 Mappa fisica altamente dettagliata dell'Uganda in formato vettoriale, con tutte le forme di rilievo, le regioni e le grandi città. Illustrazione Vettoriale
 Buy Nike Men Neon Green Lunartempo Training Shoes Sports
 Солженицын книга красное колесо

== == ==

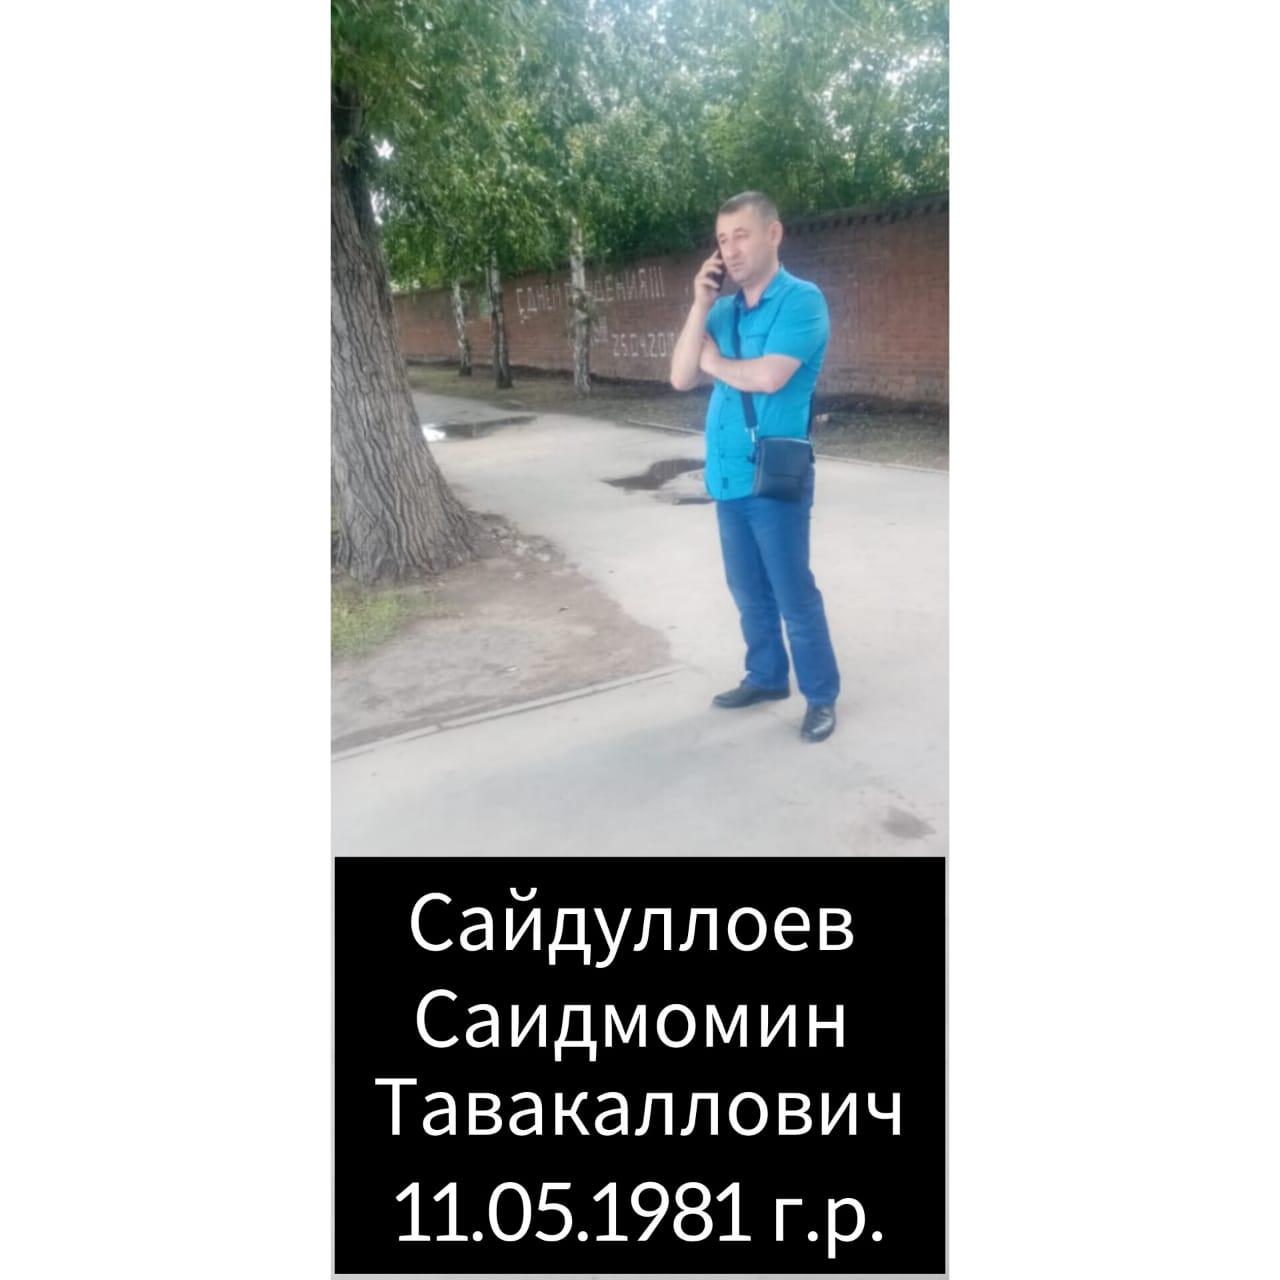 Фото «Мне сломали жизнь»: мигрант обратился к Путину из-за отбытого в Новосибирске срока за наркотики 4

== == ==

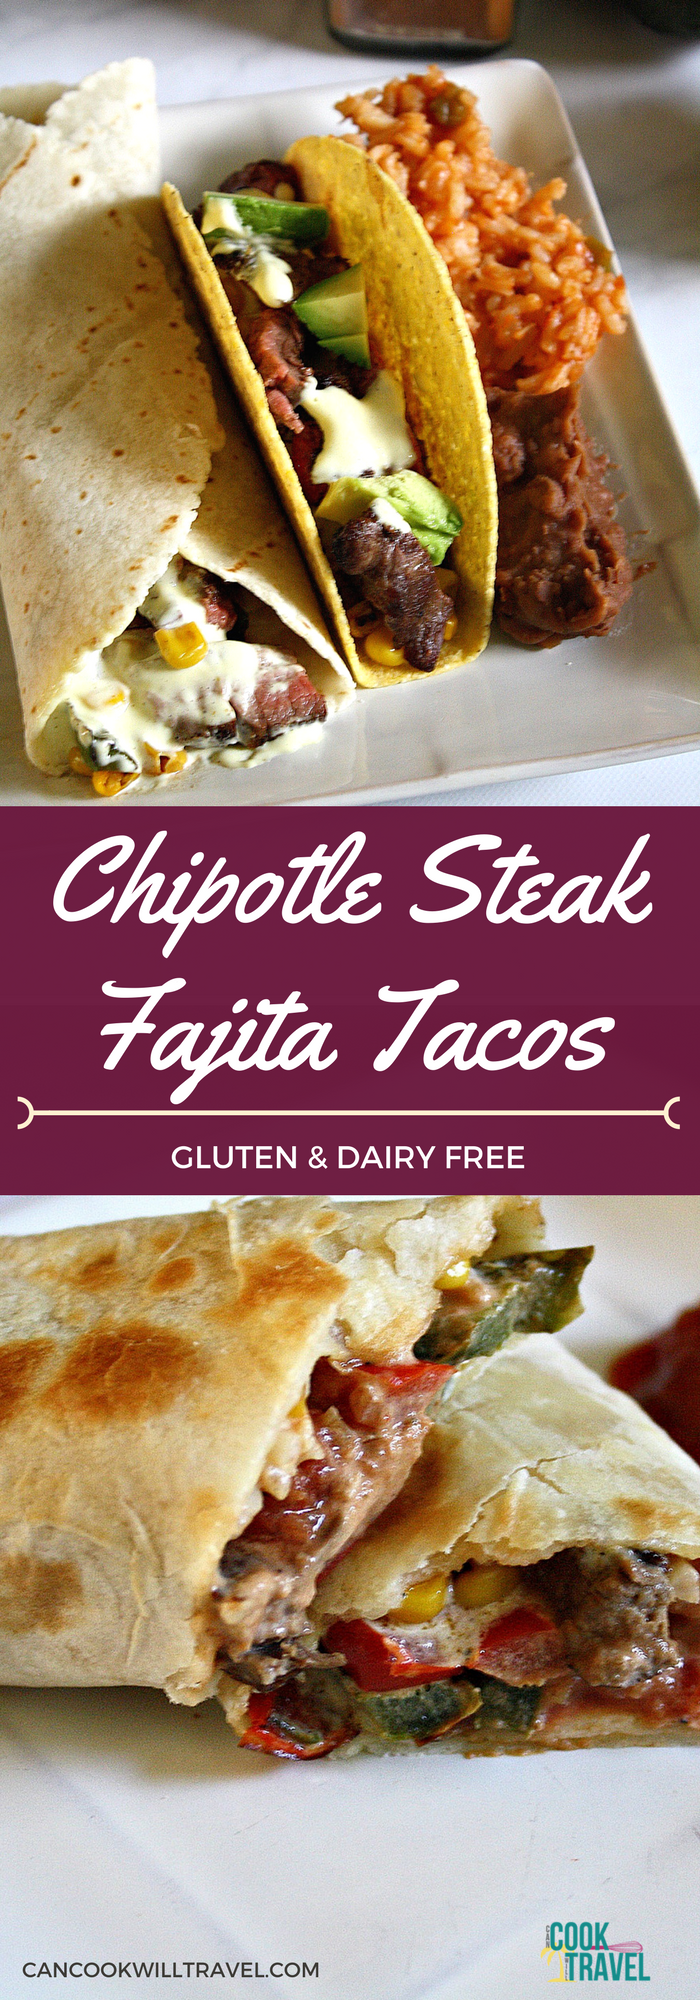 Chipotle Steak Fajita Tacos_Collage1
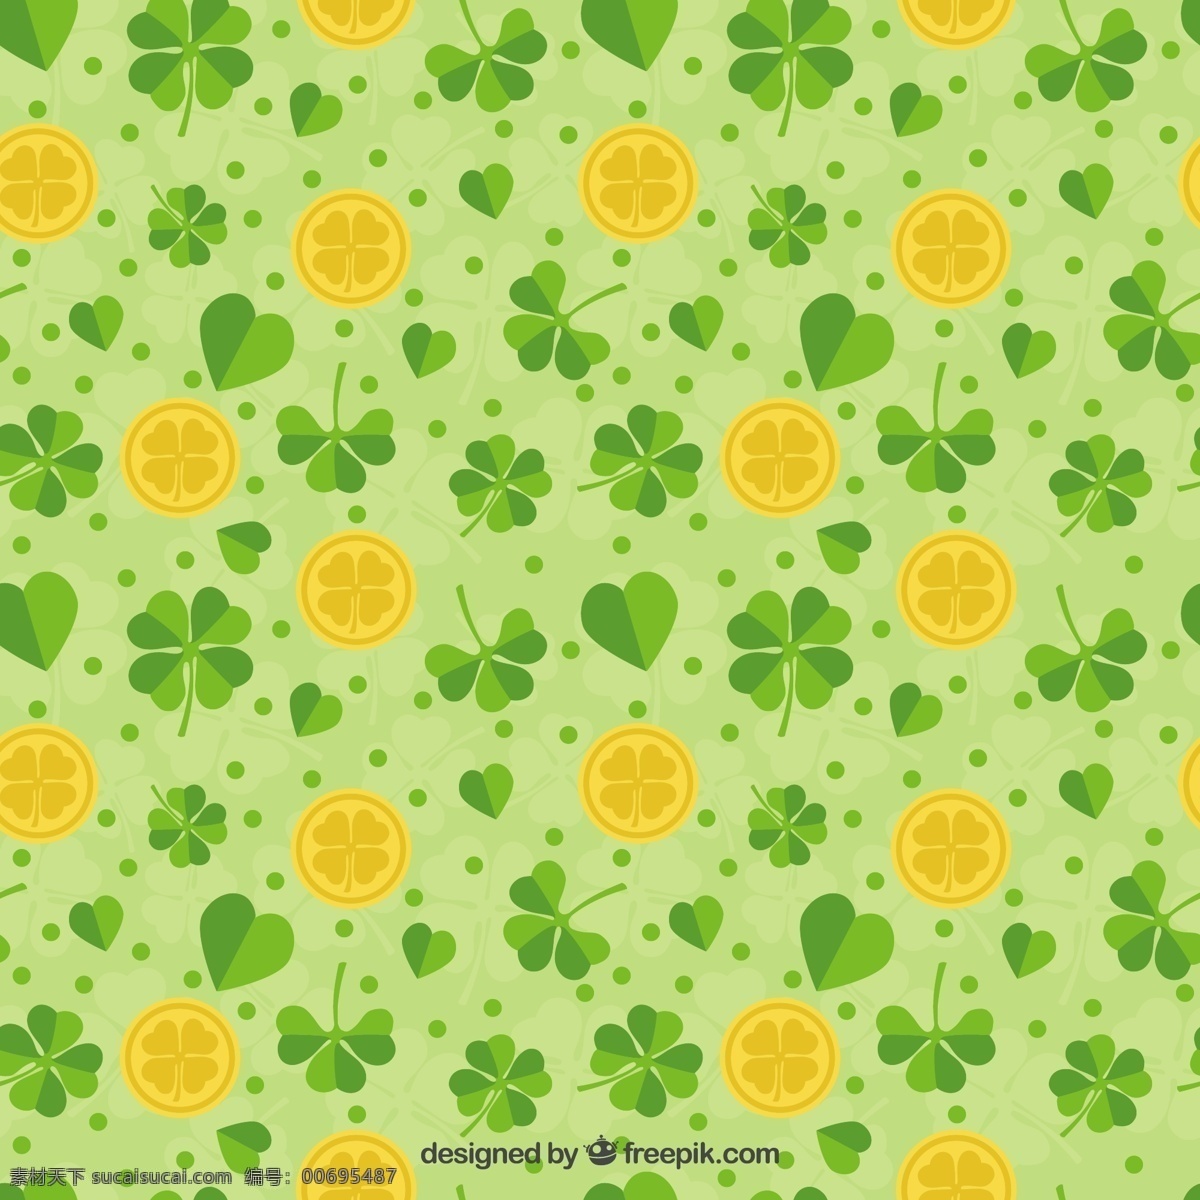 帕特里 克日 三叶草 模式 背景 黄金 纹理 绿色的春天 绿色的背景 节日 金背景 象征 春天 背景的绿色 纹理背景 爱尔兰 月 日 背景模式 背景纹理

== == ==

- **Required work**: Look above for the line holding "Mappa fisica altamente". Print it and every line after it, exactly, through the line holding "Солженицын книга красное колесо".

- **Answer for this exercise**:
 Mappa fisica altamente dettagliata dell'Uganda in formato vettoriale, con tutte le forme di rilievo, le regioni e le grandi città. Illustrazione Vettoriale
 Buy Nike Men Neon Green Lunartempo Training Shoes Sports
 Солженицын книга красное колесо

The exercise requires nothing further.